The reticular activating system is the part of the brain which functions as the center of arousal and motivation. It is the bridge that connects the brain to the spinal cord. The reticular activating system is located in the brain-stem and is part of the reticular formation. Its function is to maintain an alert state in the cerebral cortex and is concerned with arousal.

Pineal Gland

The pineal gland is a small endocrine gland which is located between the two cerebral hemispheres, tucked in a groove where the two rounded thalamic bodies join. It is attached to the roof of the third ventricle near its junction with the mid-brain, developing as an outgrowth from the third ventricle of the brain. The pineal gland secretes melatonin, which is a hormone that affects the modulation of wake/sleep patterns and photoperiodic functions. It is shaped like a tiny pine cone, hence its name.

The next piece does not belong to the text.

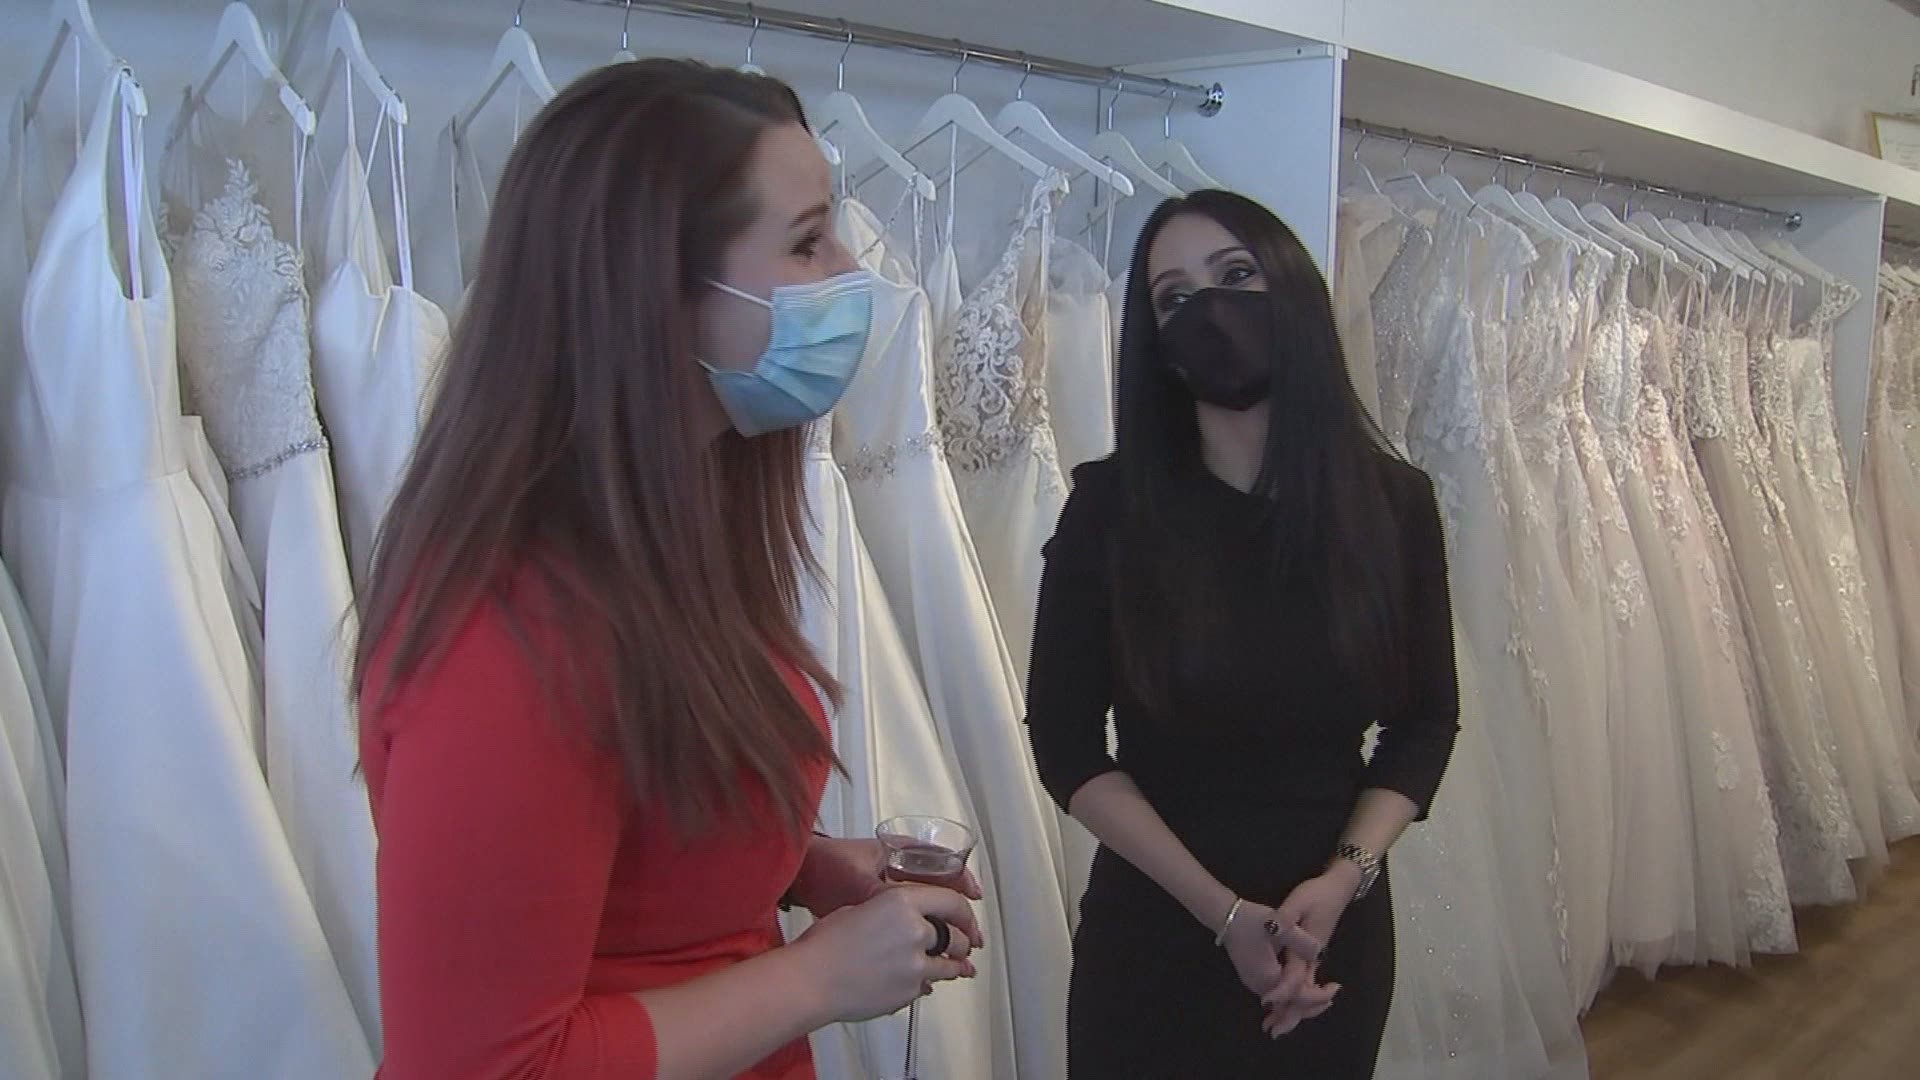 An Illinois bridal shop owner is giving a few lucky frontline workers the wedding dress of their dreams — for free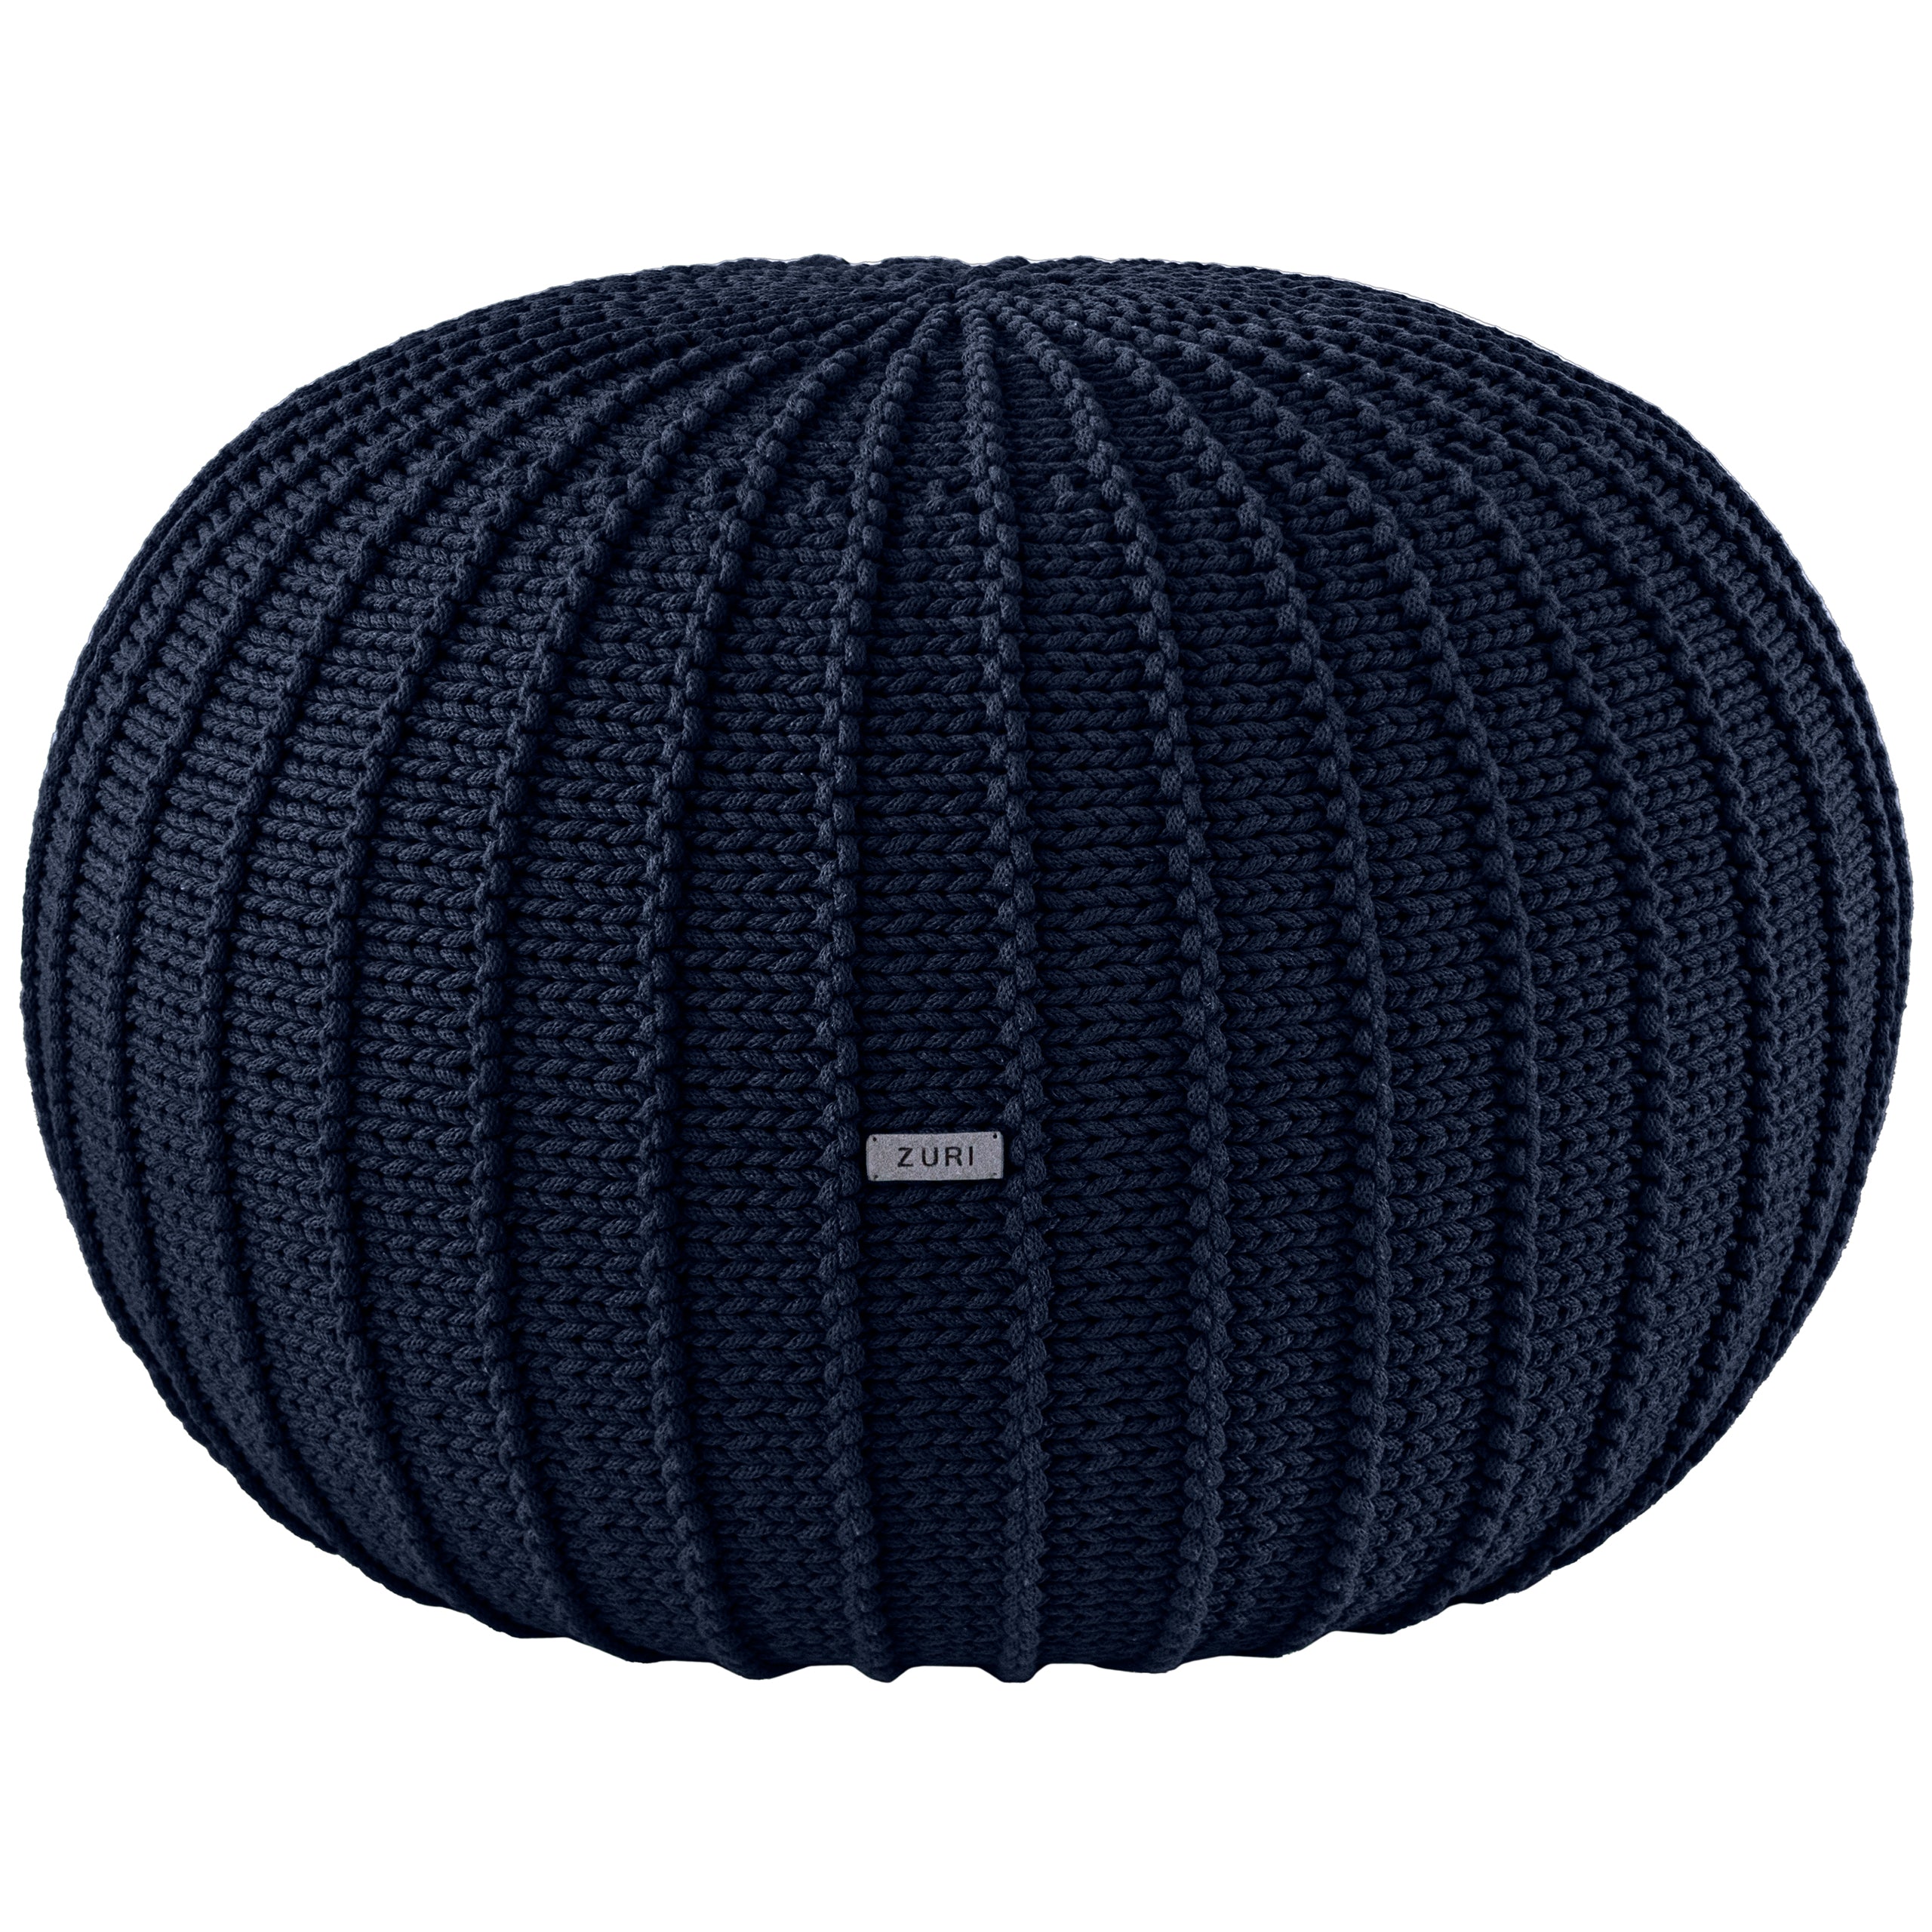 Knitted pouffe, Large | NAVY BLUE

The pineal gland is about the size of a pea and is reddish-grey. The pineal body consists of a lobular parenchyma of pinealocytes surrounded by connective tissue spaces. The gland's surface is covered by a pial capsule.

Pinealocyte

A pinealocyte is one of the cell of the pineal body. A pinealocyte has long cytoplasmic processes which end in bulbous expansions, resembling the axons of neurons. Pinealocytes are the main cells which make up the pineal gland. These cells secrete melatonin. Pinealocytes have an organelle called the synaptic ribbon, which is a specific marker for pinealocytes. Some of the enzymes of the pinealocytes include 5-HT N-acetyl transferase and 5-hydroxyindole-O-methyltransferase which are used to convert serotonin to melatonin.

Pinealocytes secrete melatonin into capillaries via the long processes. Secretion of melatonin is stimulated by sympathetic innervation from superior cervical ganglion. They also have shorter cytoplasmic processes that connect to adjacent pinealocytes via desmosomes and gap junctions. Pinealocytes have large irregularly shaped nuclei with prominent nucleoli.